#### Regression
##### Regression is a fundamental supervised learning technique in ML used for predicting a continuous target variable based on one or more input features.
##### Unlike classification, which predicts categorical classes, regression predicts continuous values like price, temperature, or age.
##### It finds a function that best describes the relationship between the independent variables (features) and the dependent variable(target).
##### The goal of regression is finding a "best-fit" line or curve that can be used to make predictions on new, unseen data

#### Supervised Machine Learning
##### Uses labeled data (input features + corresponding outputs).
##### Predicts outcomes or classifies data based on known labels.
##### Less complex, as the model learns from labeled data with clear guidance.
##### Model can be tested and evaluated using labeled test data.

##### Example.
##### Machine is given a dataset with input features (like age, salary, or temperature) and corresponding labels (like “yes/no,” “high/low,” or “rainy/sunny”).
##### Then machine learns dataset by finding patterns in the data. For example, it might learn that if the temperature is high, it’s likely to be sunny.

#### Un-Supervised Machine Learning
##### Uses unlabeled data (only input features, no outputs).
##### Discovers hidden patterns, structures, or groupings in data.
##### More complex, as the model must find patterns without any guidance.
##### Cannot be tested in the traditional sense, as there are no labels

##### Example
##### Imagine visiting a new city without a map or guide.
##### Buildings with tall spires might be grouped as churches.
##### Open spaces with greenery might be categorized as parks.
##### Streets with lots of shops could be grouped as markets.


#### Underfitting:
##### It occurs when a model is too simple to capture the underlying patterns in the data. It hasn't learned enough from the training data.
#### Causes: Insufficient training data or Poor feature selection.
##### Analogy: Like a student who didn't study enough for the exam. They only have a very basic understanding of the subject.


#### Overfitting:
##### It occurs when a model learns the training data too well, including the noise and random fluctuations, rather than the true patterns.
#### Causes: Noisy training data or model is too complex.
##### Analogy: Like a student who memorized every single practice question and answer but didn't truly understand the concepts. It will perfectly work on training data but on unseen data it don't.

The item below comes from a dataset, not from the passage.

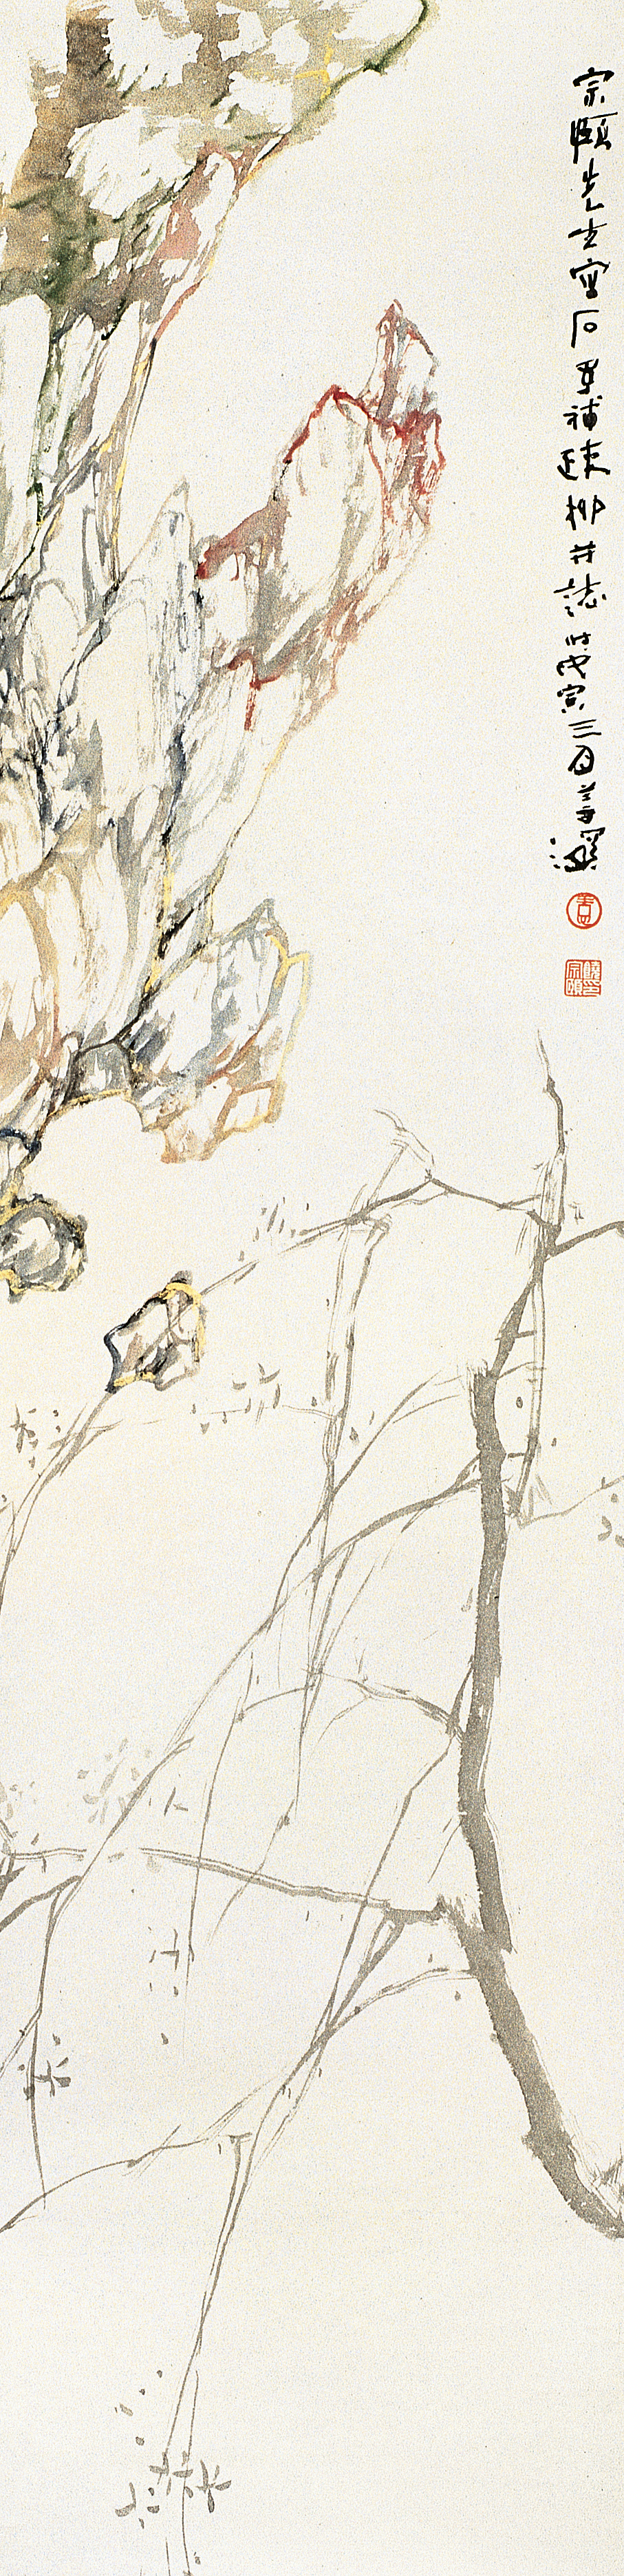 Jao Tsung-I   Yang Shan-shen

#### Common Regression Algorithms
##### Linear Regression
##### Polynomial Regression
##### Logistic Regression
##### Support Vector Regression
##### Decision Tree Regression


#### What Problems Regression is it Used For?
##### Forecasting: Predicting future sales, stock prices, or demand for a product.
##### Estimation: Estimating the price of a house.
##### Healthcare: Predicting patient recovery time, disease progression, or the cost of treatment.


#### Basic Concepts to Know?
##### y = mx + b
##### we can also say, m is coefficient and b is intercept.
##### Y is target value, X is features independent values, m is the slope how steep the line is and b the position of slope line like where it is falling on x-axis, y-axis or in the middle.


#### Loss Funtions
##### Cost / Loss : Loss function is to capture the difference between the actual and predicted values for a single record whereas cost functions aggregate the difference for the entire training dataset.
##### Cost Function (Loss Function): It tell us difference between the predicted values and the actual values of the target variable.
##### Mean Absolute Error (MAE): Calc the average of the absolute differences between predicted and actual values.
##### --> Advantage: Robust for outlayers.
##### --> Dis-Advantage: Graph cann't be differentiable due to straight "V" shape.
##### Mean Squared Error (MSE): Calculates the average of the squared differences between predicted and actual values.
##### --> Advantage: Can use as loss function because graph can be differentiable.
##### --> Dis-Advantage: The square for outliers is too big.
##### Root Mean Squared Error (RMSE): The square root of the MSE, providing an error metric in the same units as the target variable.
##### --> Advantage: It returns same unit after applying (LPA == LPA for Y^).
##### --> Dis-Advantage: It is sensitive to oulayers, means the RMSE for outlayer is too high.
##### Error(loss) = Submission( Y-actual(Yi) - Y-predicted(y^) ) == (Yi - MXi - b)



#### Predictors
##### R2 Score: It tells you how well your model explains the variation in the data.
##### Bad --> (0 <-- R2 --> 1) <-- Good
##### Misleading Impression: A model with many irrelevant features can appear to have a better fit (higher R2 ) than a simpler model with only relevant features.
##### Adjusted R2 Score: This modifies the drawback of R2  by taking into account the number of independent variables in the model.


#### Optimizers
##### It is used for finding the best-fit line is minimizing the sum of squared errors.
##### To find y = mx + b, we have two solutions.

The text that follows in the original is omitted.